DNS lookup:    0.002068s
TCP connect:   0.021393s
TLS handshake: 0.058937s
Request sent:  0.059016s
TTFB:          1.487677s
Total:         1.488136s

The same request took 1.4s through curl. That's ~20x faster than what Handy was doing.

So I went ahead and added logging to every step of the post processing pipeline to find the exact bottleneck — here's my commit for that. When I ran the same speech through it again

[2026-03-22][17:22:25][handy_app_lib::actions][INFO] [PROFILE] process_transcription_output start | post_process=true
[2026-03-22][17:22:25][handy_app_lib::actions][INFO] [PROFILE] get_settings | elapsed=0.050ms
[2026-03-22][17:22:25][handy_app_lib::actions][INFO] [PROFILE] chinese_variant_check | elapsed=0.005ms
[2026-03-22][17:22:25][handy_app_lib::actions][INFO] [PROFILE] post_process_transcription call start
[2026-03-22][17:22:25][handy_app_lib::actions][INFO] [PROFILE] post_process_transcription fn entry
[2026-03-22][17:22:25][handy_app_lib::actions][INFO] [PROFILE] post_process setup done | provider=cerebras | model=zai-glm-4.7 | elapsed=0.009ms
[2026-03-22][17:22:25][handy_app_lib::actions][INFO] [PROFILE] structured_output path | about to call LLM | time_since_fn_entry=0.024ms
[2026-03-22][17:22:25][handy_app_lib::actions][INFO] [PROFILE] send_chat_completion_with_schema about to .await
[2026-03-22][17:22:25][handy_app_lib::llm_client][INFO] [PROFILE] chat_completion start | provider=cerebras | model=zai-glm-4.7 | url=https://api.cerebras.ai/v1/chat/completions
[2026-03-22][17:22:25][handy_app_lib::llm_client][INFO] [PROFILE] client_creation | elapsed=0.324ms
[2026-03-22][17:22:26][handy_app_lib::llm_client][INFO] [PROFILE] http_send | status=200 OK | elapsed=1231.637ms
[2026-03-22][17:22:26][handy_app_lib::llm_client][INFO] [PROFILE] response_parse | elapsed=5.184ms
[2026-03-22][17:22:26][handy_app_lib::llm_client][INFO] [PROFILE] chat_completion done | total=1237.315ms | client=0.324ms | http=1231.637ms | parse=5.184ms
[2026-03-22][17:22:26][handy_app_lib::actions][INFO] [PROFILE] send_chat_completion_with_schema returned Ok(Some) | elapsed=1237.389ms
[2026-03-22][17:22:26][handy_app_lib::actions][INFO] [PROFILE] post_process_transcription call done | elapsed=1237.543ms
[2026-03-22][17:22:26][handy_app_lib::actions][INFO] [PROFILE] process_transcription_output done | total=1237.648ms

This time the whole thing took 1.2s.
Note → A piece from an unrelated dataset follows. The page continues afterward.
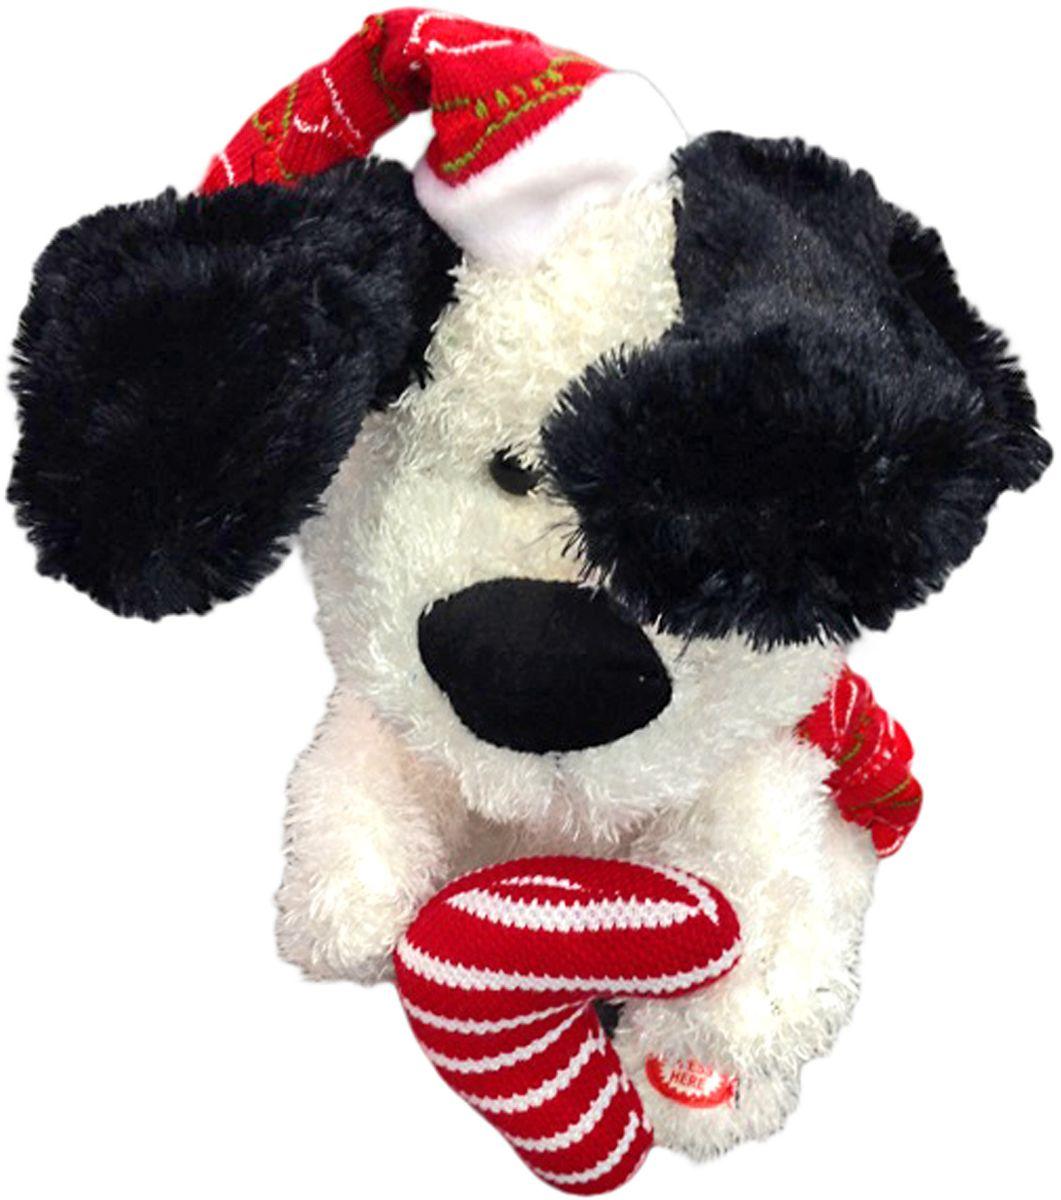 Lapa House Мягкая озвученная игрушка Собачка 26 см 53287

Wait what? Did adding logging somehow fix an async bug? Did I solve it before I even figured out what was wrong?

I ran it again — 1.3s. And again. It stayed fast over the next 10 attempts.

Turns out the first request to Cerebras with a new API key is always super slow because of a model context switch that needs to happen on their end. Every request after that is fast. If I had just repeated the test the first time I would've seen this immediately.

Moral of the story

Never debug off a single request. If I had just run it 10 times instead of once, I would have seen the second request come back in 1.3s and saved myself an hour of adding profiling logs.